**Directions:**
Line by line, repeat the material below exactly and skip the images.

**Dataset excerpt:**
_ _ _
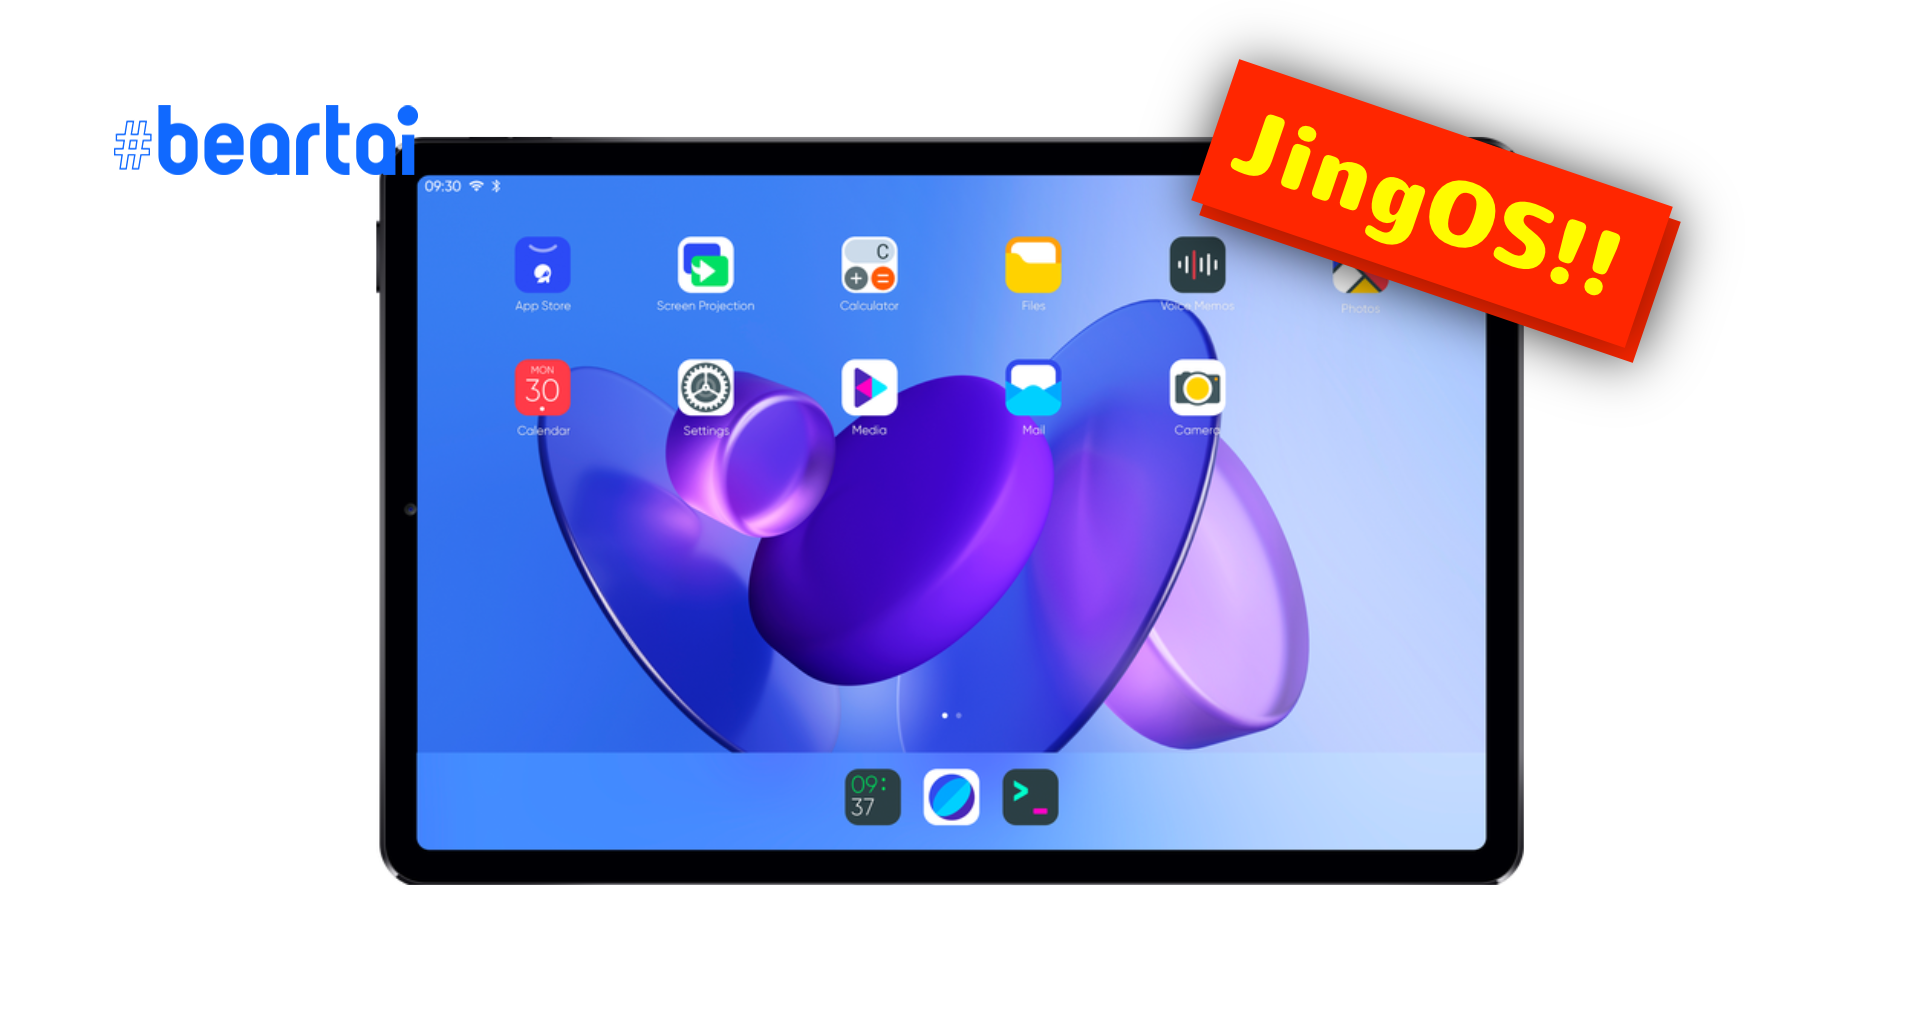 แรงบันดาลใจ จีนเปิดตัว JingOS ที่เหมือน iPadOS ทั้งหน้าตาและฟีเจอร์การใช้งาน
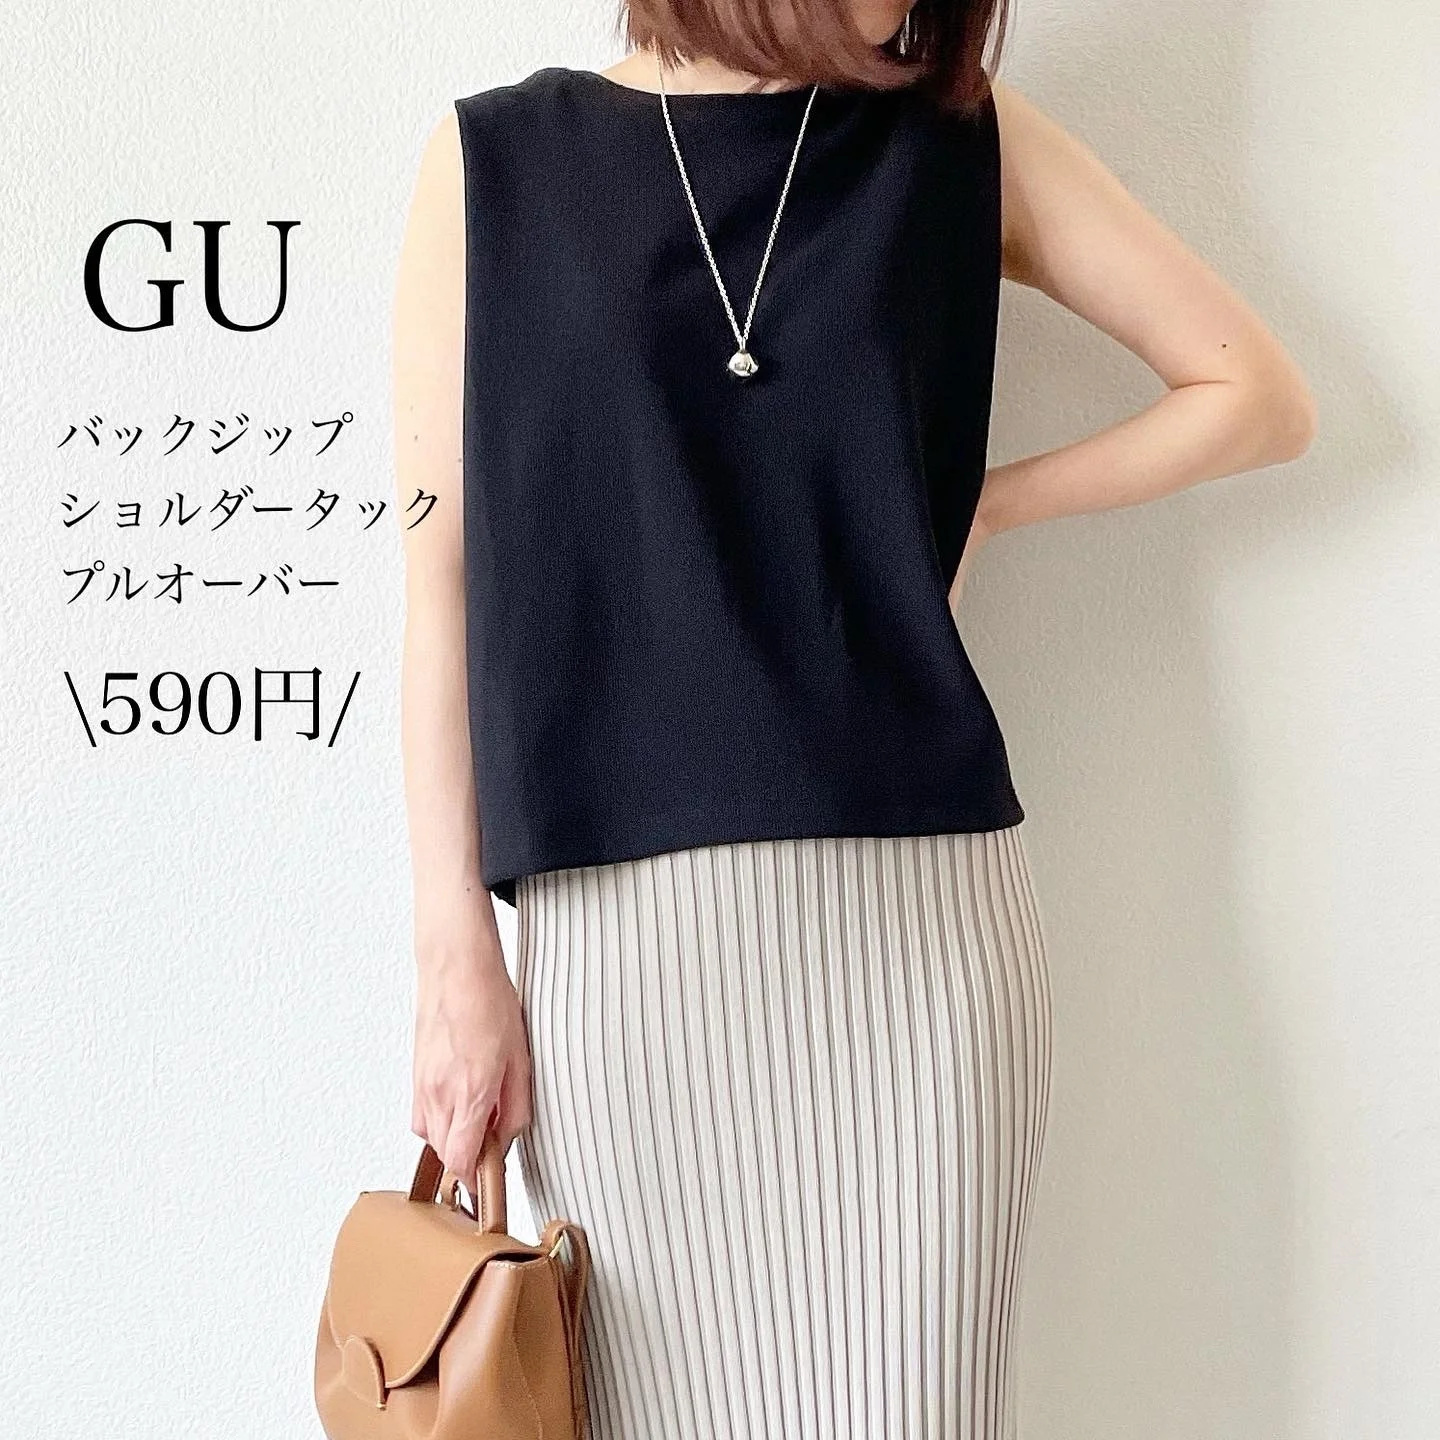 GU590円！値下げトップスで着回し【tomomiyuコーデ】 | ファッション誌
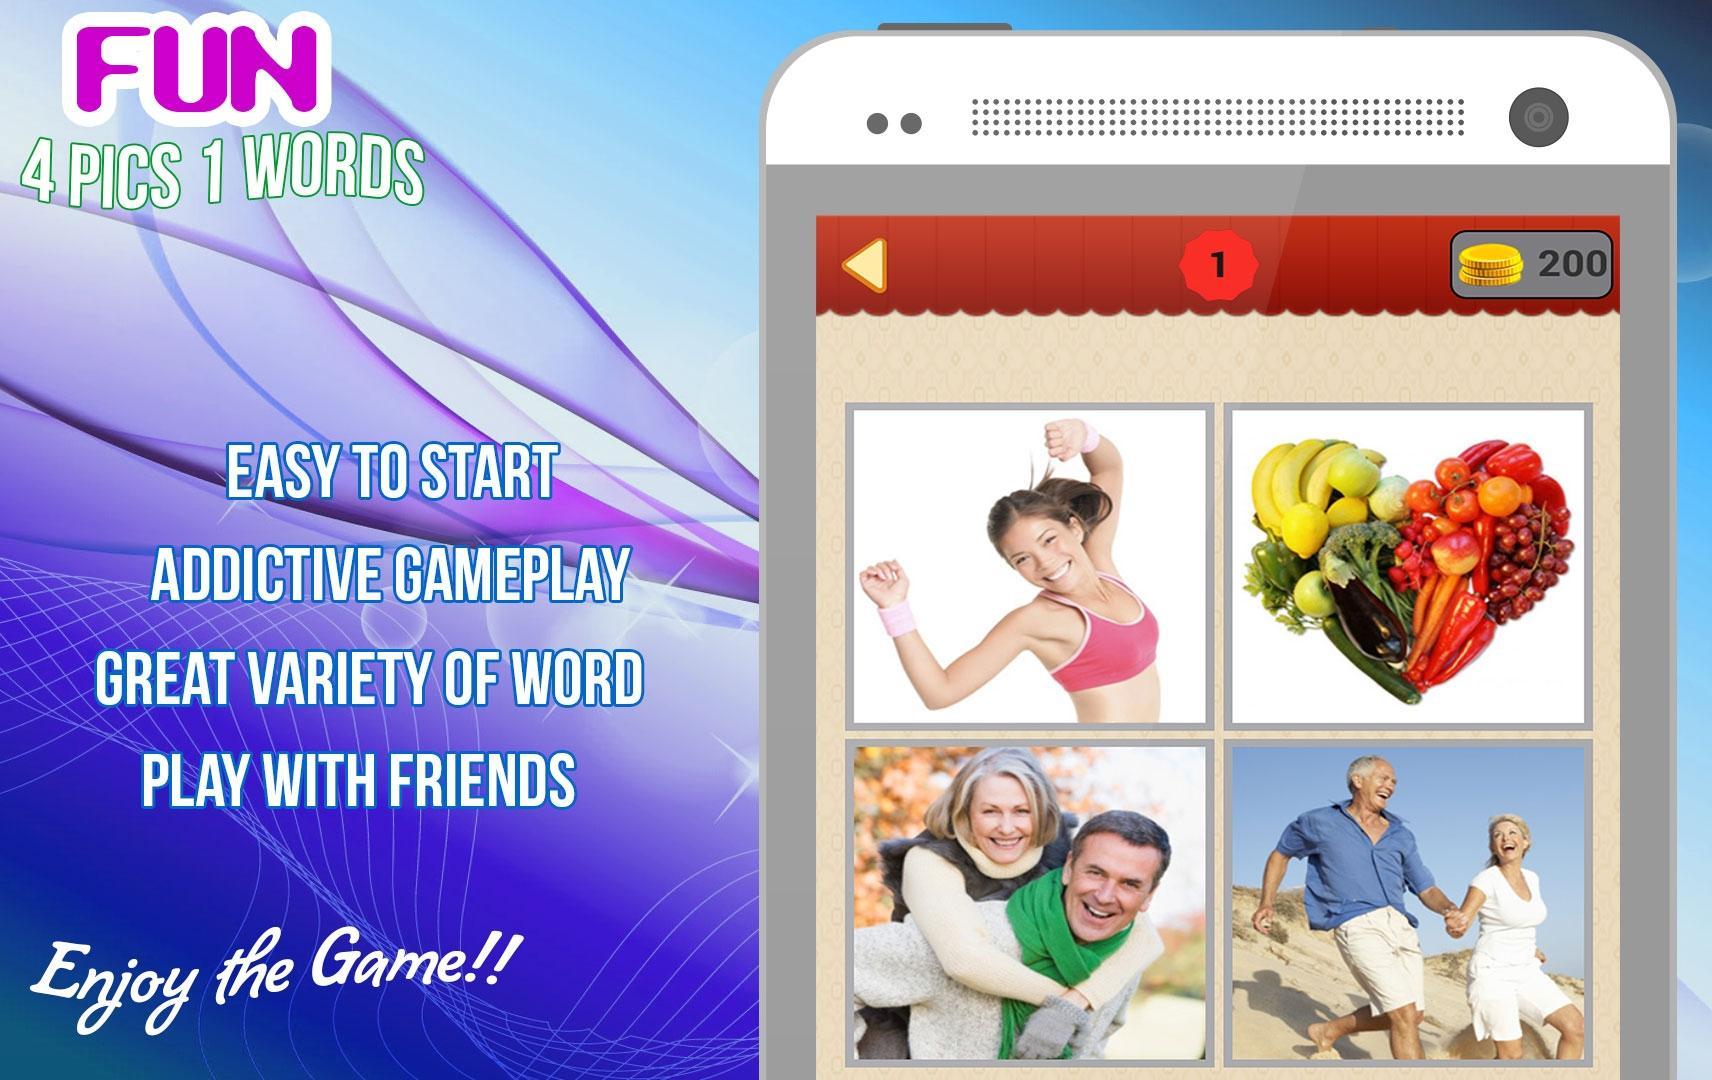 Центр первое слово. 4 Pics 1 Word. 4 Pics 1 Word Gameplay. 4pics 1 Word about Health pdf. 4pics 1 Word about Health.
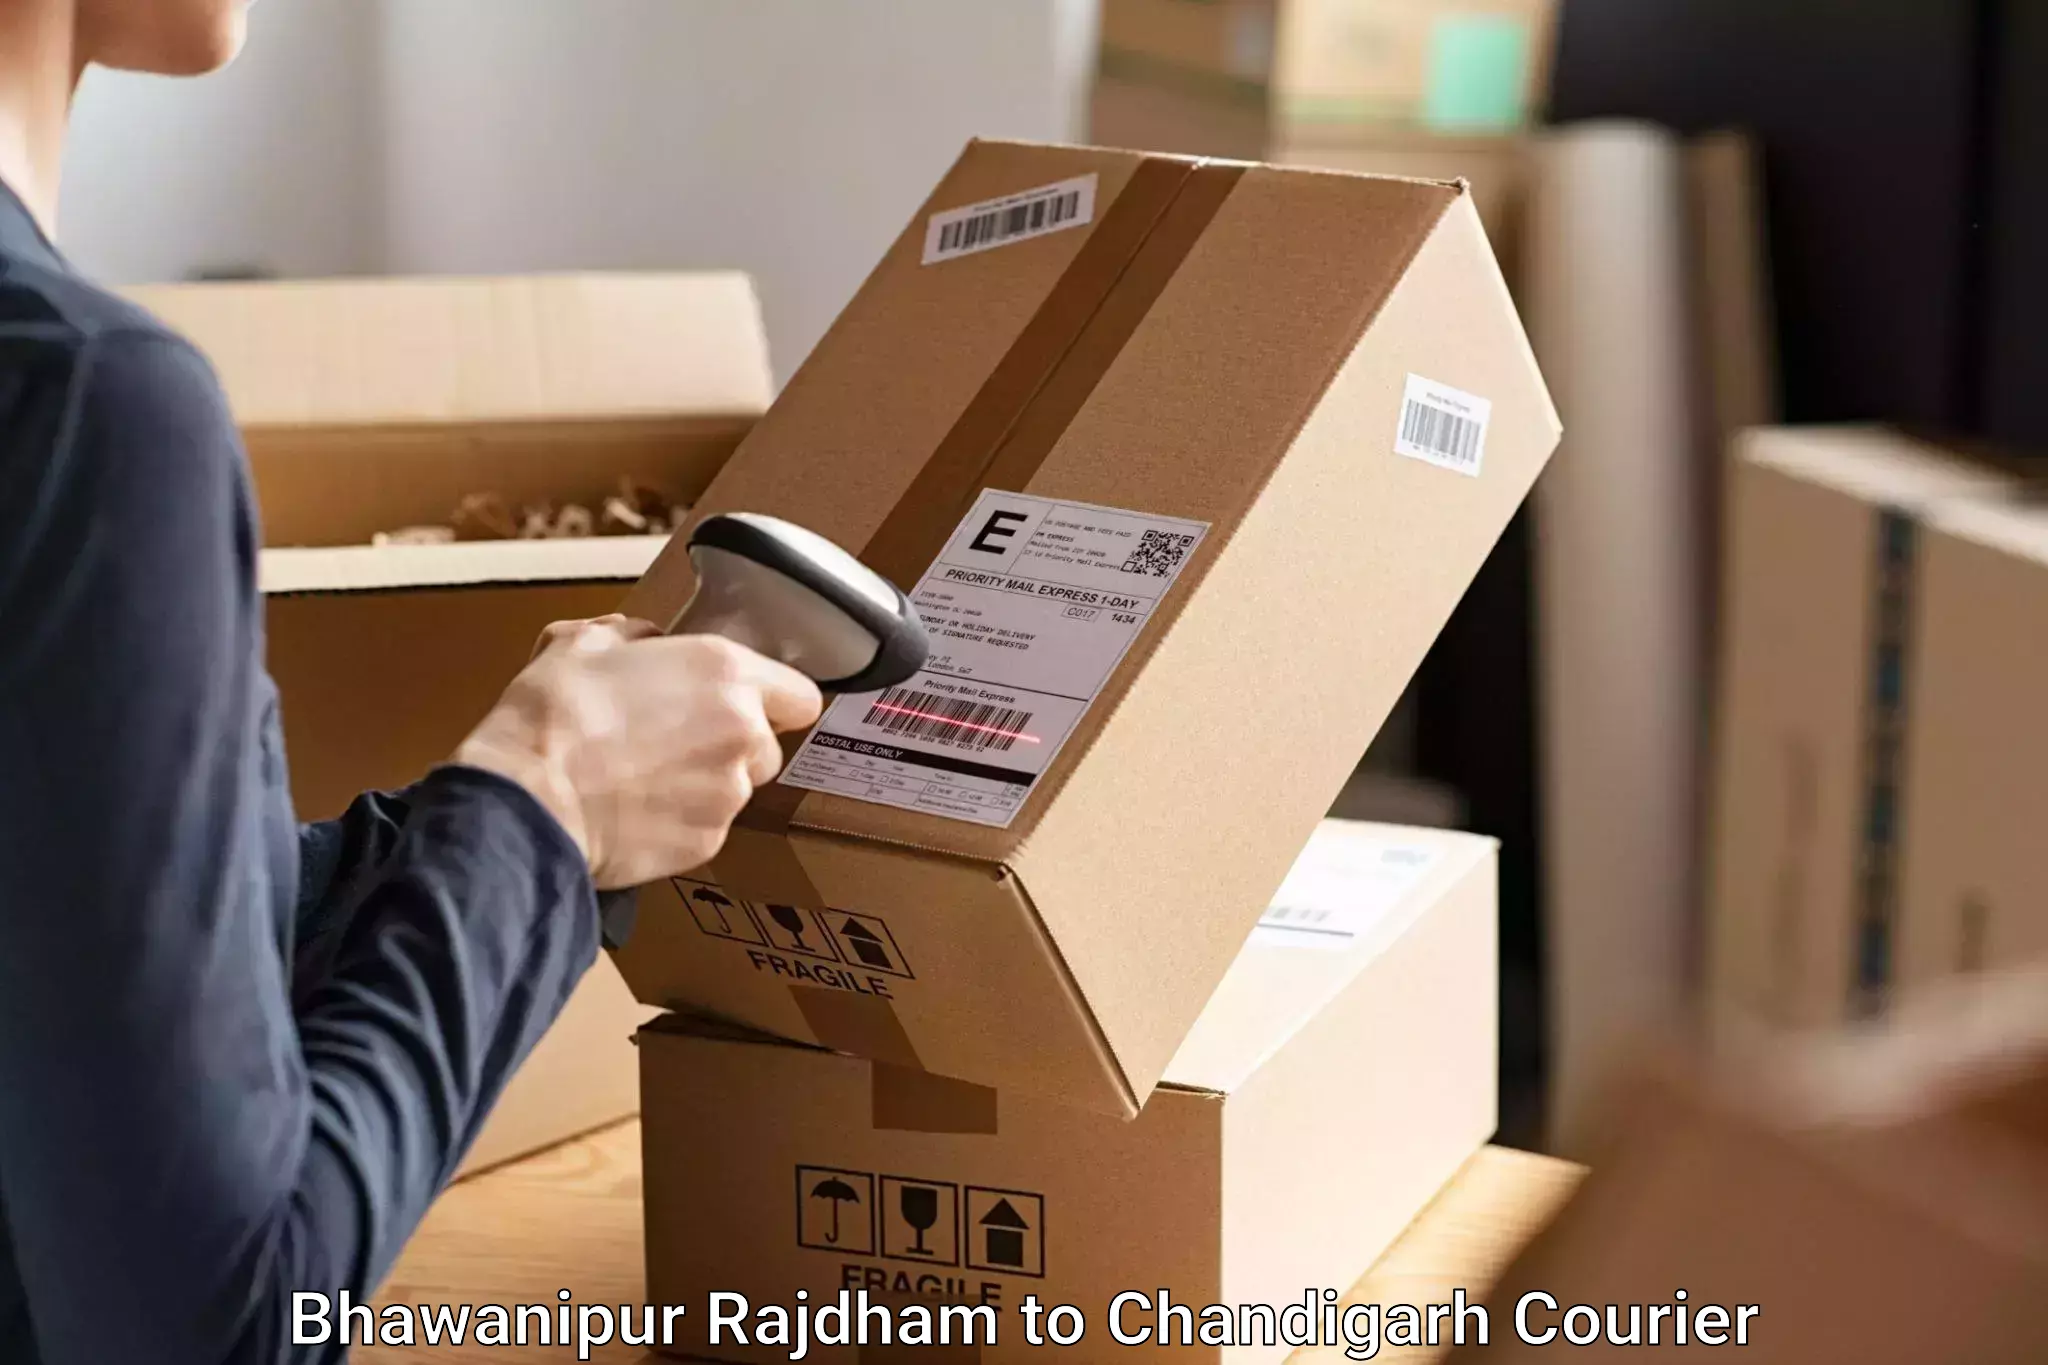 Luggage shipping planner Bhawanipur Rajdham to Chandigarh
_ _ _
**Exercise answer:**
 แรงบันดาลใจ จีนเปิดตัว JingOS ที่เหมือน iPadOS ทั้งหน้าตาและฟีเจอร์การใช้งาน
 GU590円！値下げトップスで着回し【tomomiyuコーデ】 | ファッション誌
 Центр первое слово. 4 Pics 1 Word. 4 Pics 1 Word Gameplay. 4pics 1 Word about Health pdf. 4pics 1 Word about Health.
 Luggage shipping planner Bhawanipur Rajdham to Chandigarh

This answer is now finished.